Menurut Kennedy, berbagai temuan di lapangan menunjukkan masih adanya dapur SPPG yang kondisi bangunannya tidak layak, tidak memenuhi standar kebersihan dan sanitasi, serta mengabaikan ketentuan teknis yang telah ditetapkan BGN.
“Kami menemukan indikasi masih adanya dapur SPPG yang tidak memenuhi standar operasional. Ini tidak boleh dibiarkan karena berkaitan langsung dengan kesehatan dan keselamatan anak-anak penerima manfaat Program MBG,” tegas Kennedy.
Sebagai bentuk pengawasan publik, DPD KNPI Sumut dalam waktu dekat akan merilis daftar dapur SPPG yang dinilai tidak layak beroperasi berdasarkan hasil pemantauan dan verifikasi di lapangan.
Kennedy yang juga merupakan kader Pemuda Muhammadiyah menyatakan bahwa jajaran pengurus KNPI di berbagai kabupaten dan kota di Sumatera Utara akan melakukan inspeksi mendadak (sidak) ke sejumlah dapur SPPG. Hasil temuan tersebut akan disampaikan kepada BGN dan instansi terkait untuk ditindaklanjuti sesuai ketentuan yang berlaku.
“Kami akan turun langsung melakukan pengawasan. Jika ditemukan pelanggaran atau ketidaksesuaian dengan petunjuk teknis, maka akan kami laporkan kepada pihak berwenang agar segera ditindak,” ujarnya.
Lebih lanjut, Kennedy berharap kepemimpinan baru di BGN dapat melakukan pembenahan secara menyeluruh terhadap tata kelola program, khususnya dalam pengawasan dan penegakan standar operasional dapur SPPG.

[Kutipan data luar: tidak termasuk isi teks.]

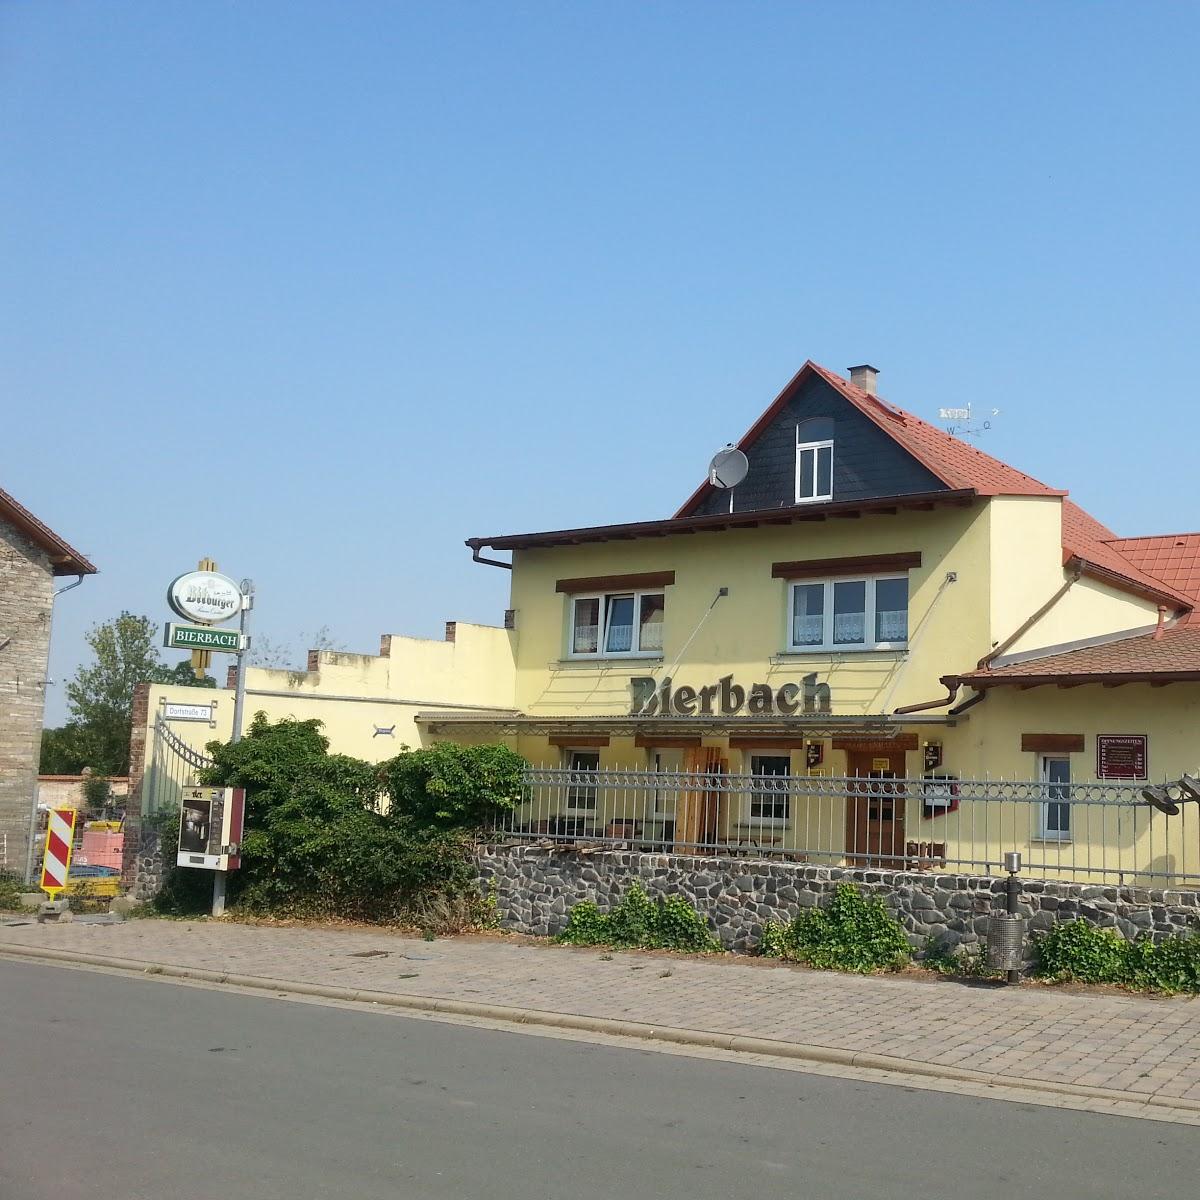 Restaurant "Gasthof Schallenburg" in Sömmerda

Ia menilai berbagai persoalan yang mencuat belakangan ini menunjukkan perlunya evaluasi serius terhadap mekanisme pengawasan yang selama ini berjalan.
“Tertangkapnya Dadan dan pihak-pihak terkait menjadi momentum bagi BGN untuk melakukan reformasi internal. Ke depan tidak boleh ada perlakuan yang berbeda terhadap pengelola dapur. Semua harus diawasi dan ditindak secara objektif berdasarkan aturan yang berlaku,” katanya.
Kennedy menegaskan bahwa langkah penutupan terhadap dapur SPPG yang tidak memenuhi standar harus segera dilakukan demi melindungi kualitas makanan yang diterima anak-anak Indonesia.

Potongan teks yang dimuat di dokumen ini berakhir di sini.